Acelerarían la fecha de la boda, dijo José. A continuación, se dirigió a su suegro y pagó el mohar previsto. Los prometidos salieron a la calle dando brincos de alegría para anunciar a familiares y amigos la boda. No querían que se corriese la voz sobre su estado antes de la ceremonia. Cuando la gente se diera cuenta, creería que el niño era hijo del carpintero. Sería su secreto más guardado.
El casamiento se celebró días más tarde. La paz y la ilusión regresaron a Miriam. Se dedicó durante los meses siguientes al cuidado de la casa que, durante un año, José preparó para ellos, y a los preparativos para cuando llegara la criatura. Se deleitaba en la meditación y la oración, investigó en las promesas del Señor para su pueblo como le había aconsejado Isabel que hiciera para evitar dudas.
La venida del niño al mundo ocurrió en Belén de Judea, durante un viaje tan apresurado como penoso donde, Miriam y José, nacido en este lugar, se vieron obligados a cumplir por el edicto de César Augusto.

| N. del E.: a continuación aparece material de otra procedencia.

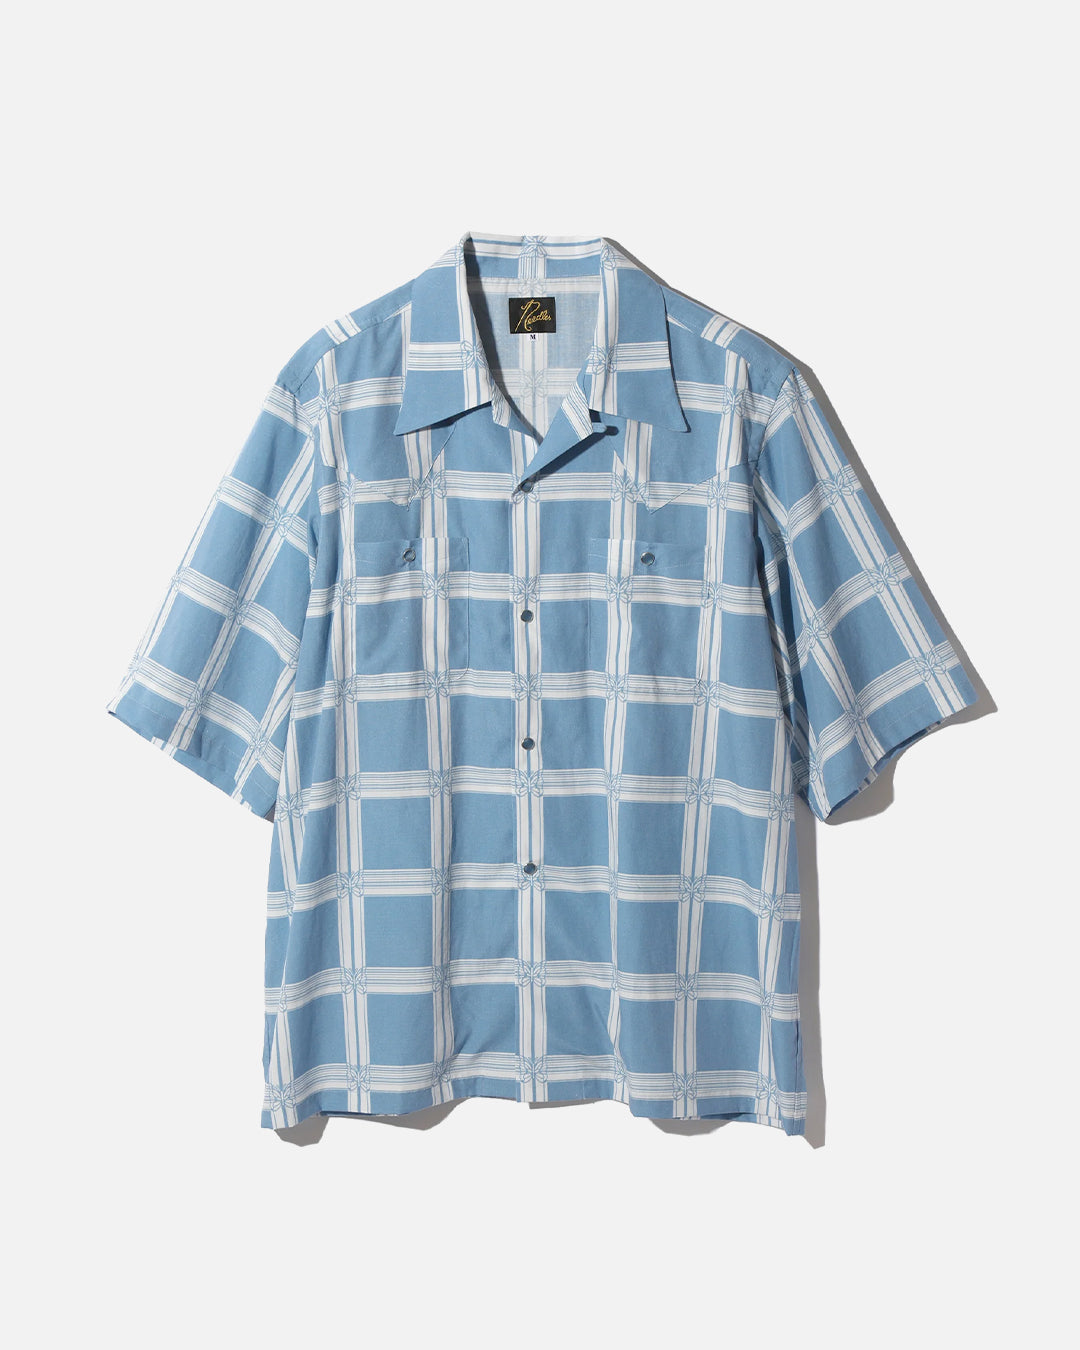 S/S Cowboy One-Up Shirt - R/C Lawn Cloth / Papillon Plaid - Blue

Cada cual debía ir a empadronarse a su ciudad de origen. No era esta la manera que había presentido para su alumbramiento.
Nació Jesús como un niño más entre los mortales. La luz llegó al mundo. El Salvador ausente se hizo presente. Se cumplieron las promesas del profeta Isaías cuando dijo:
Porque nos ha nacido un niño,
Yahveh nos ha dado un hijo,
al cual se le ha concedido el poder de gobernar.
Y le darán estos nombres:
Admirable en sus planes, Yahveh invencible,
Padre eterno, Príncipe de la paz.
Se le veía tan pequeño, tan indefenso que recordar aquella promesa a Miriam le sobrepasaba. Vistió a Enmanuel y lo acostó en el pesebre del establo que, por misericordia, les cedió el dueño de la posada ya que en ella no quedaba sitio libre.
El ángel apareció, esta vez para a avisar de lo ocurrido a unos pastores que se encontraban cerca al cuidado de sus rebaños. Llegaron corriendo para conocer al niño y relatar a la madre lo ocurrido y cómo se asustaron. Miriam sonrió. Recordó que ella también se asustó cuando nueve meses atrás recibió el anuncio de su embarazo, pero seguía sin entender por qué el enviado se había olvidado de ella, aun estando cerca no venía a consolarla ni a guiarla. Guardaba en su corazón las dudas y las certezas que sentía, esperando de nuevo la siguiente aparición, ya fuera a ella, a José o al niño. Visita que no tardaría en producirse.